AĞAÇ ALTLARINDA KONAKLAYAN ON BİNLERCE İNSAN VAR

Qamber, mültecilerin sadece Minbic kent merkezi, köyler ve kamplarda bulunmadığını, Minbic çevresinde, Minbic yolu üzerinde 10 binlerce mülteci insanın olduğunu belirterek sözlerini şöyle sürdürdü:

"İnsanlar DAİŞ, Türkiye ve rejim zulmünden kaçarak yönünü Minbic’e çeviriyorlar.
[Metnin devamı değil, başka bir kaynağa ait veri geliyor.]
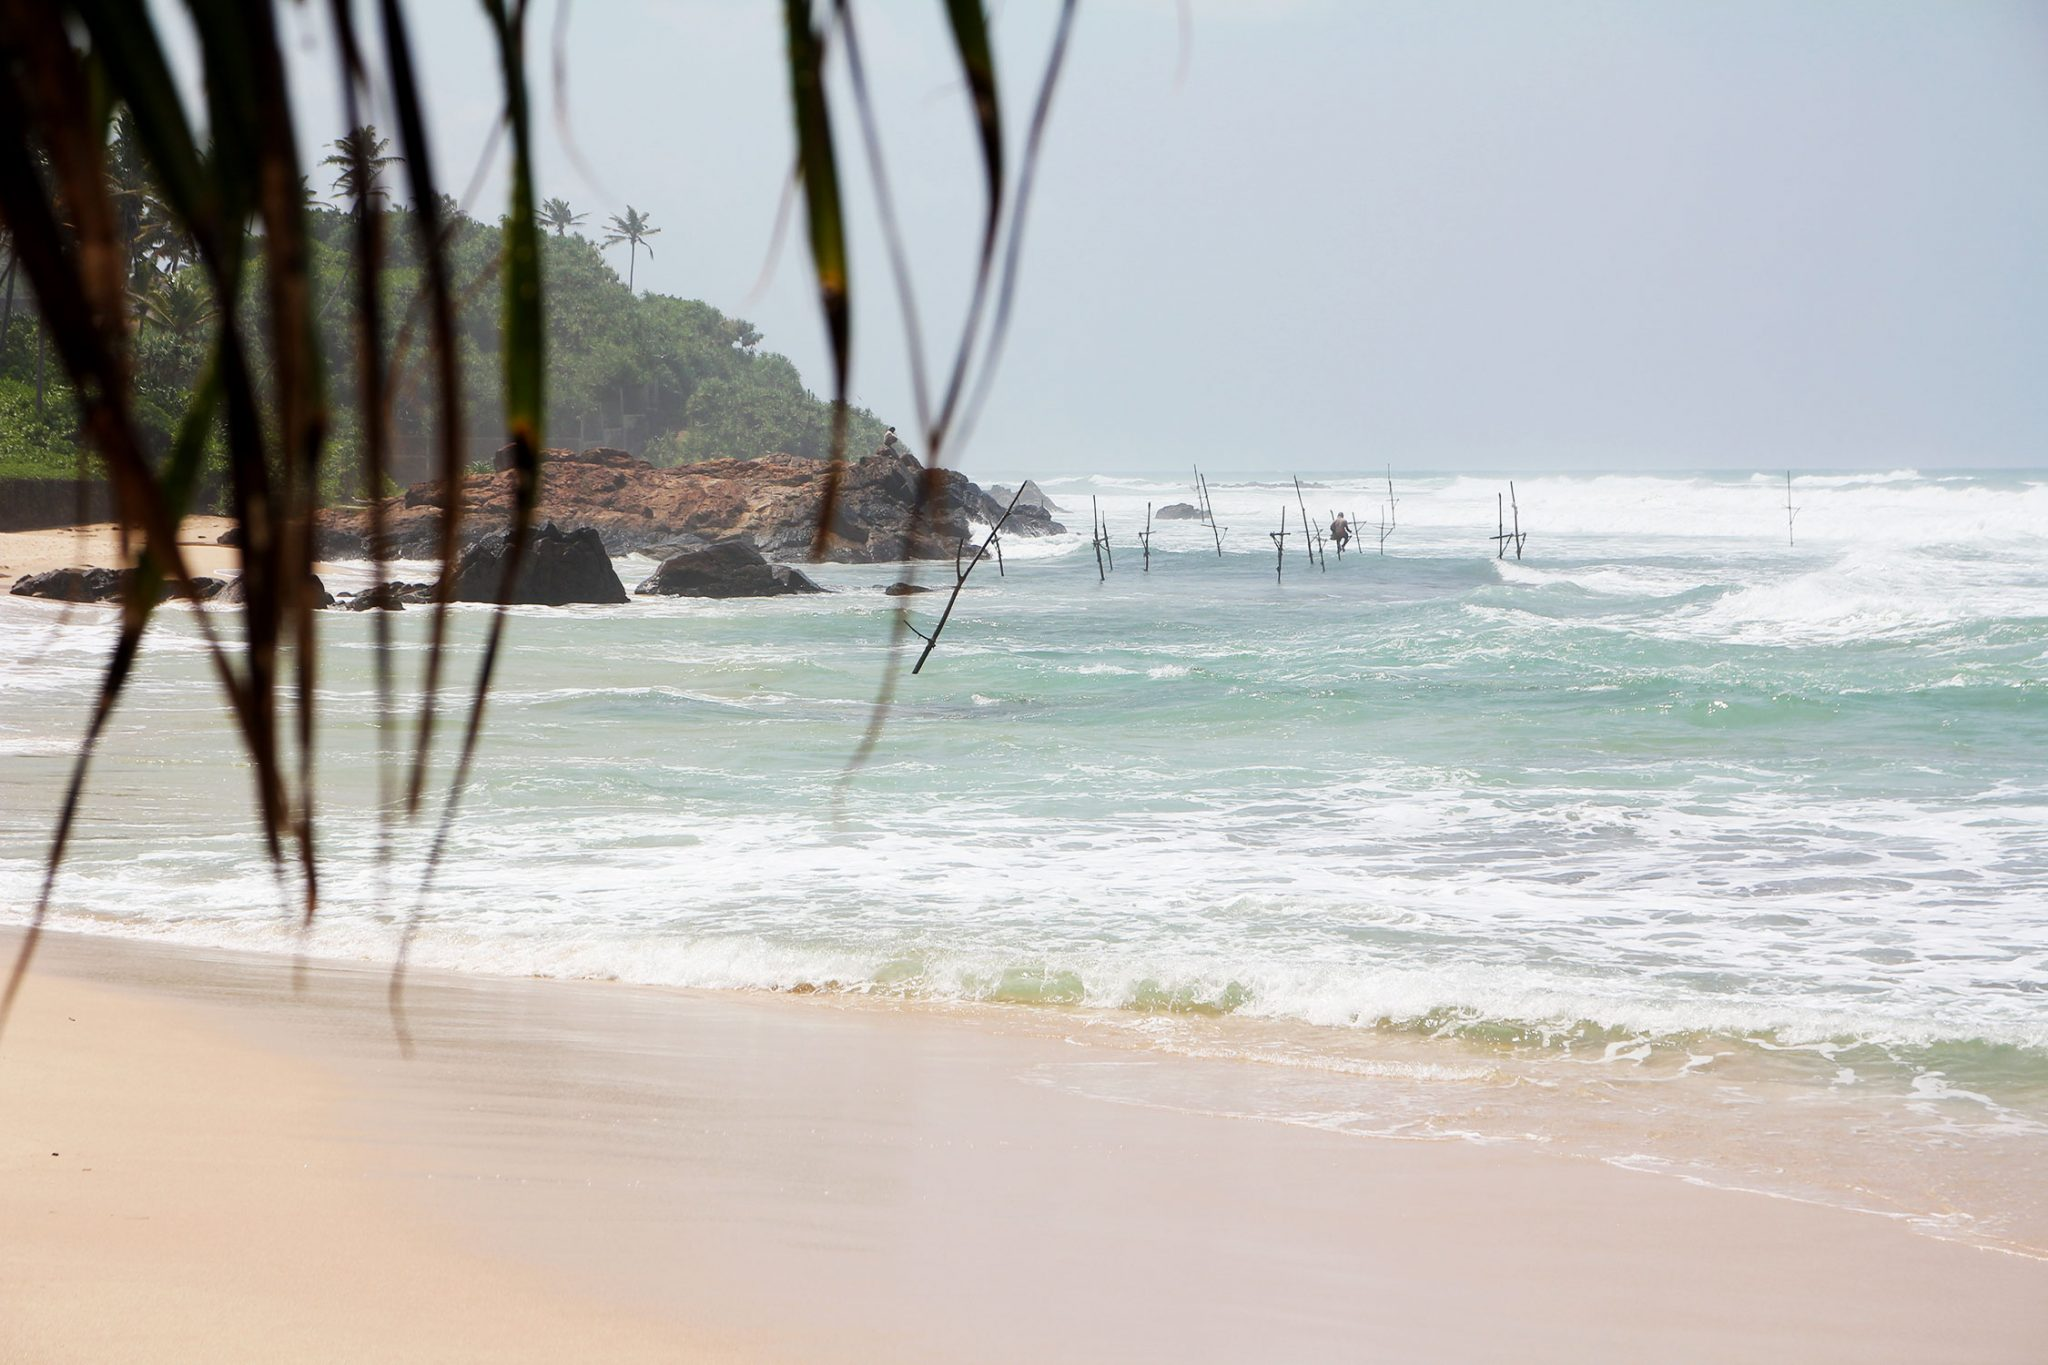 Strand in weligama vissers

Alabilecekleri kadar eşyalarını alıp geliyorlar. Şu anda Minbic çevresinde ama tabii Minbic sınırları içinde ağaç altlarında on binlerce insan konaklamış durumda. Kendilerine bir çadır açmışlar öyle kalıyorlar. Havalar oldukça sıcak, ihtiyaçları var. Fakat imkanlarımız hepsine yetmiyor.
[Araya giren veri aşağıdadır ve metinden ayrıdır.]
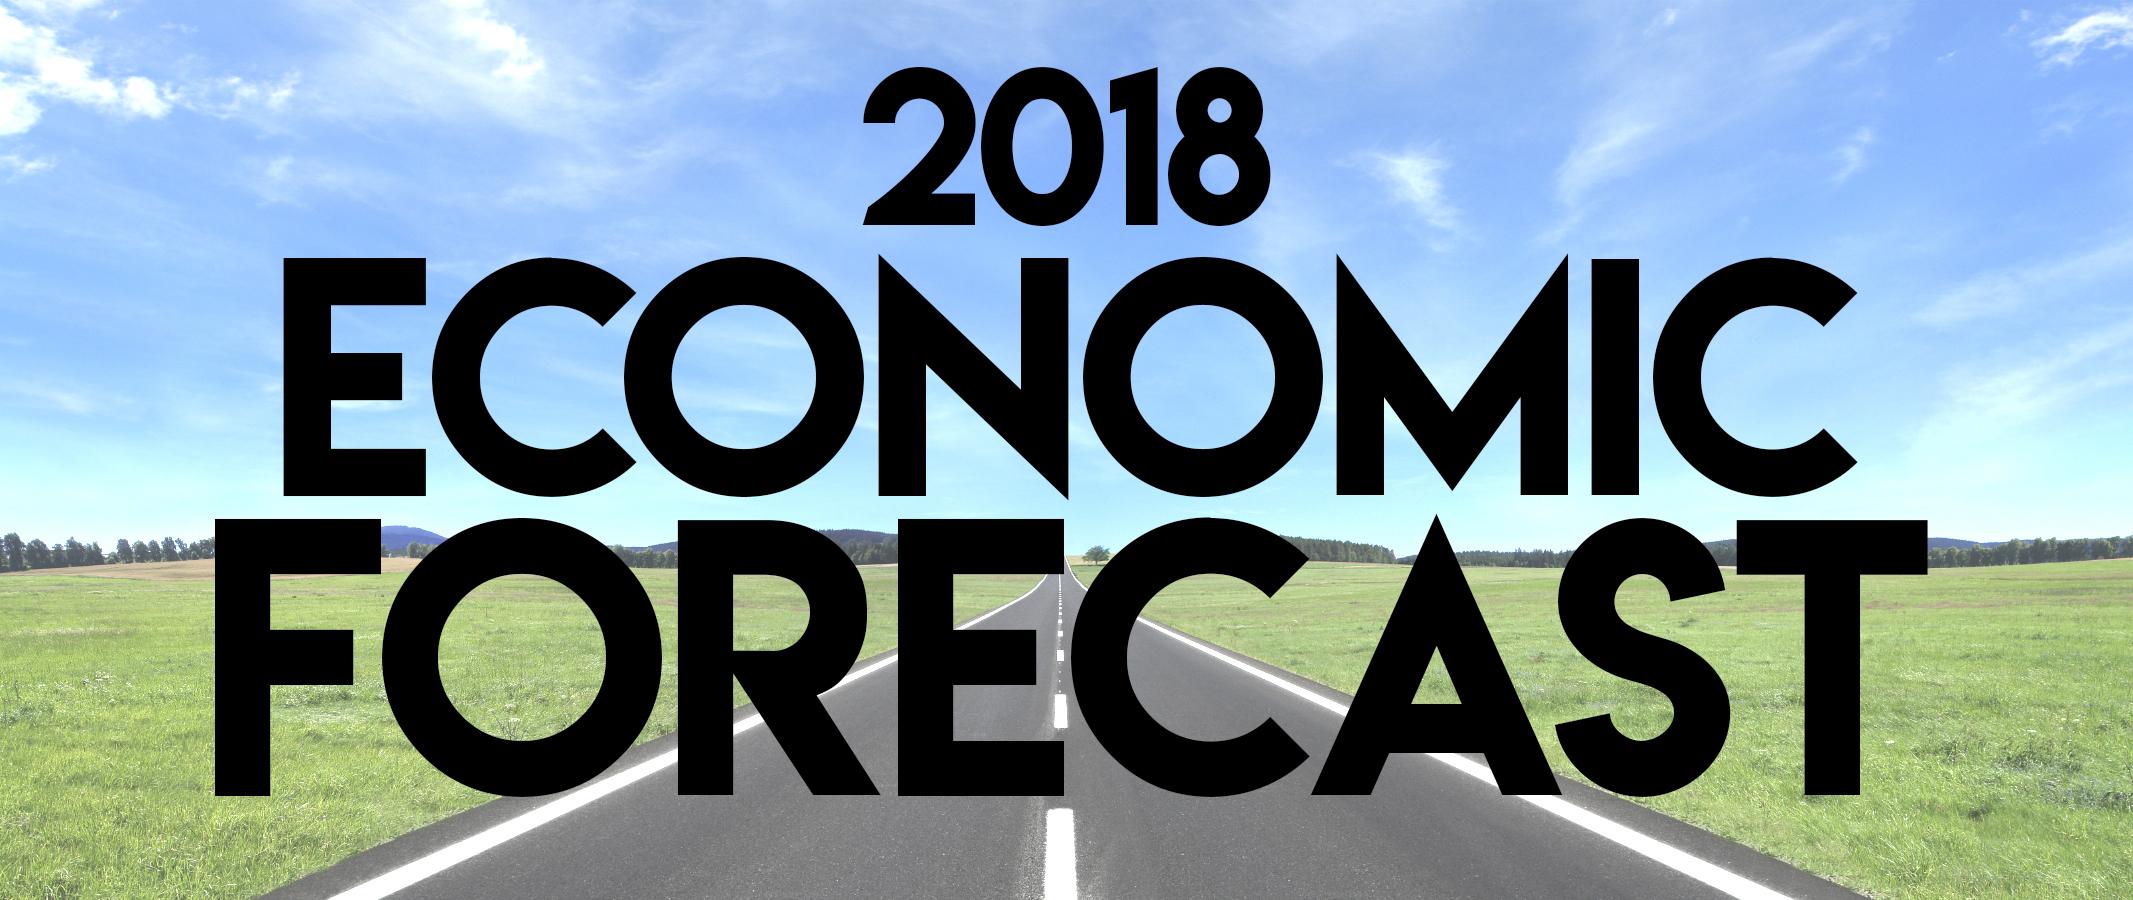 2018 economic forecast

Bu insanlar DAİŞ vahşetinden kurtulmuş olmanın sevinciyle Minbic’e geliyorlar. Tüm sıkıntılara rağmen bu mutluluğu halen taşıyorlar. Ama genel anlamda baktığımız zaman göç etmek durumunda kalmış bu insanlarımızın durumları gerçekten iyi değil. Kadınlar ve çocuklar çok fazla zorlanıyor. Biz de çaresiz kalıyoruz. Onlara daha iyi olanaklar sunmak isterdik. Örneğin bu çocuklar uzun süre DAİŞ zulmü altında eğitim göremediler. Onlar için okul gibi eğitim alanları açmak istiyoruz. Olanaklarımızı zorluyoruz. Ama yardım yok ve bu insanlarımızın geleceği hakkında kaygılıyız.”

‘ACİL YARDIM GEREKİYOR’

Suriye’deki mülteci sorunu ve Minbic’i yakından takip ederek şehirdeki mülteci sayısının giderek daha fazla arttığını gördük ve görüyoruz.
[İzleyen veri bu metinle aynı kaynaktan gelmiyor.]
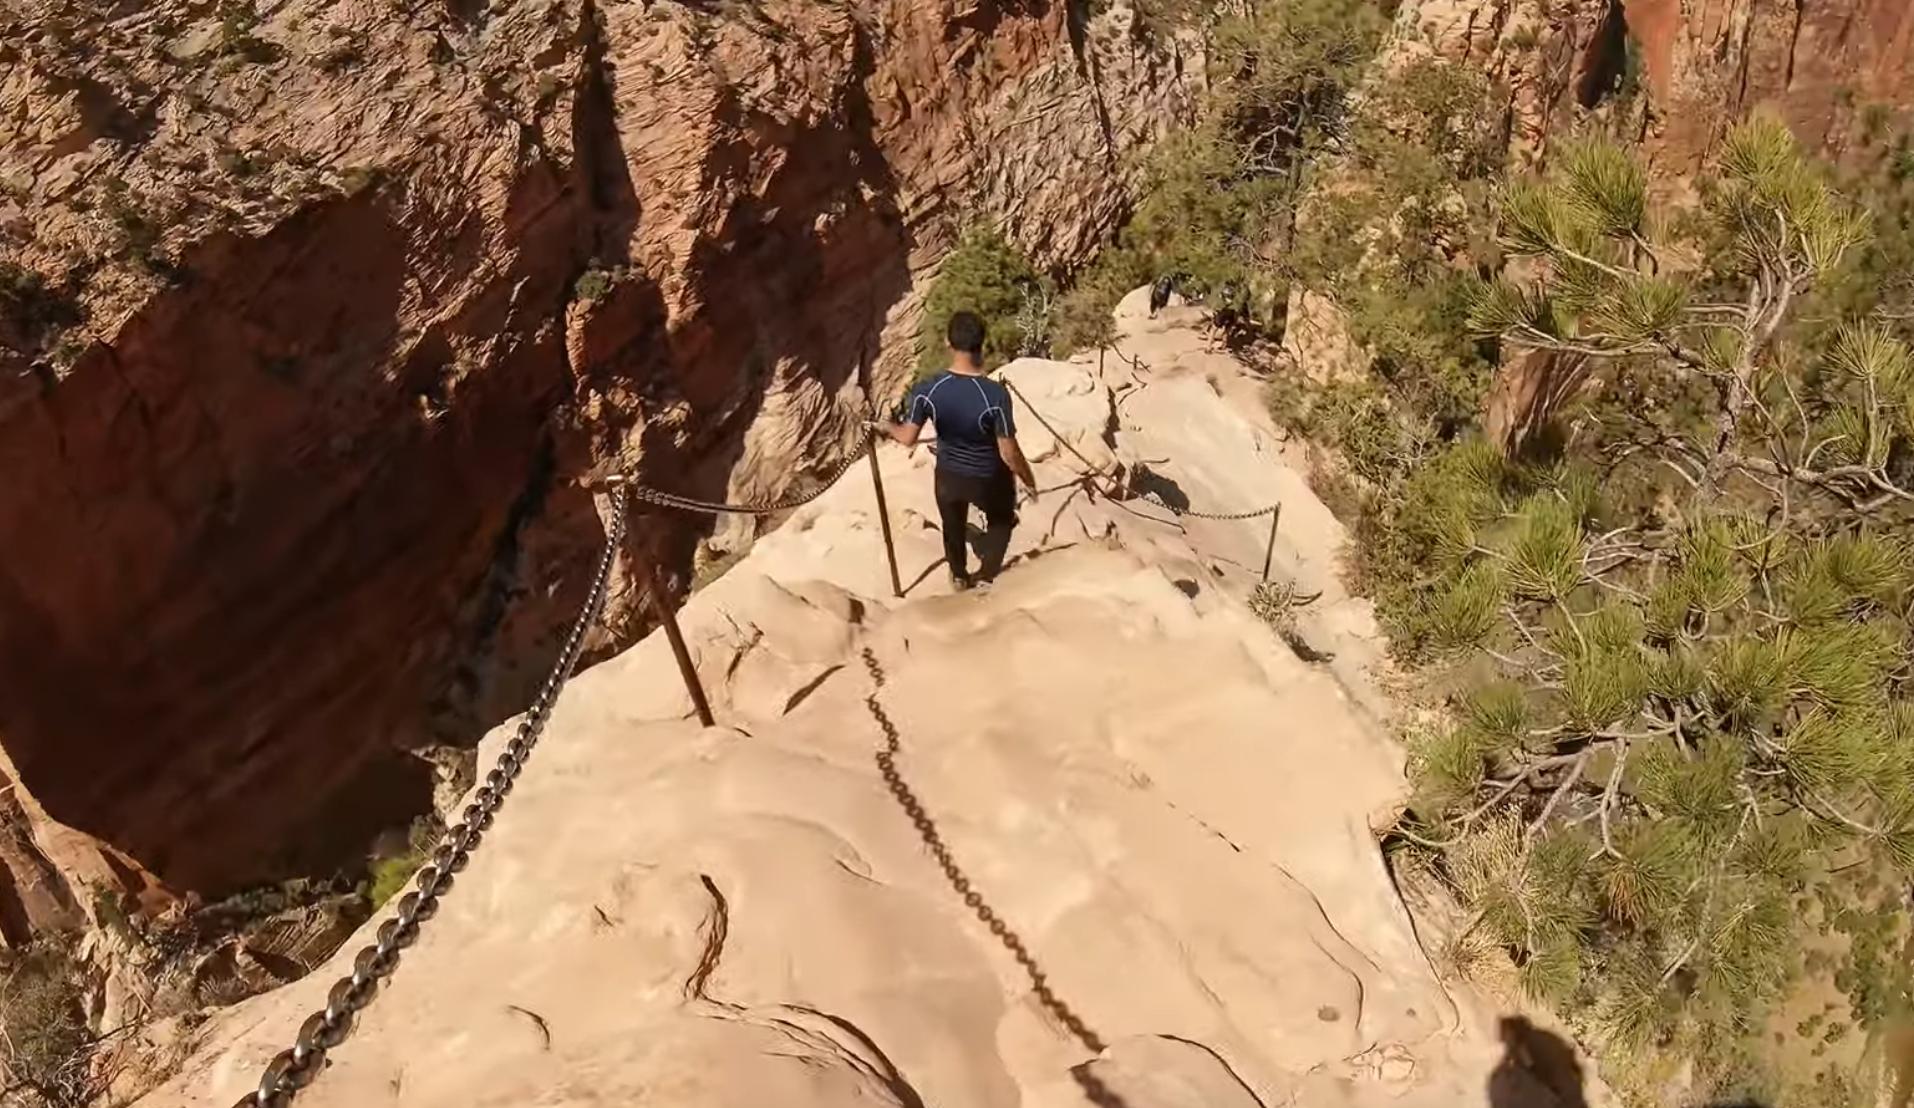 My Experience hiking Angel's Landing at Zion, Utah

Minbic Demokratik Özerk Yönetimi Eş Başkanı Zeynep Kamber’de Rakka Operasyonu’nun başlamasıyla birlikte son 2 günde Minbic’e yönünü çevirenlerin sayısının arttığına dikkat çekerek, şunları kaydetti:

"Geçen Hafta Minbic’e göç edenlerin sayısı biraz azalmıştı. İnsanlar daha az geliyorlardı. Yine Tabqa’dan Minbic’e gelenlerin büyük bölümü yeniden Tabka’ya geçmişti. Fakat Rakka Operasyonu'nun başlamasıyla birlikte yeni bir göç dalgası daha başladı. Binlerce insan yönünü Minbic’e çevirmiş durumda. Mesela biz Kobanê’den Minbic’e dönerken Qereqozaxa yaklaştığımızda onlarca büyük arabayla gelmiş olan mültecileri görüyoruz.

Ayrıca insanlar sadece DAİŞ’in olduğu ve DAİŞ’e karşı operasyon yapılan yine Türk ordusu ve çetelerinin olduğu yerlerden değil, rejimin ilerlediği yerlerden de kaçıp alanımıza sığınıyorlar. Ve Minbic’teki mülteci sayısı günbegün artıyor. Bu insanlarımız için elimizden gelen her şeyi yapmaya uğraşıyoruz. Fakat imkanlarımız çok sınırlı. Uluslararası topluma ve yardım kuruluşlarına çağrım; Minbic’e acil yardımda bulunmalarıdır."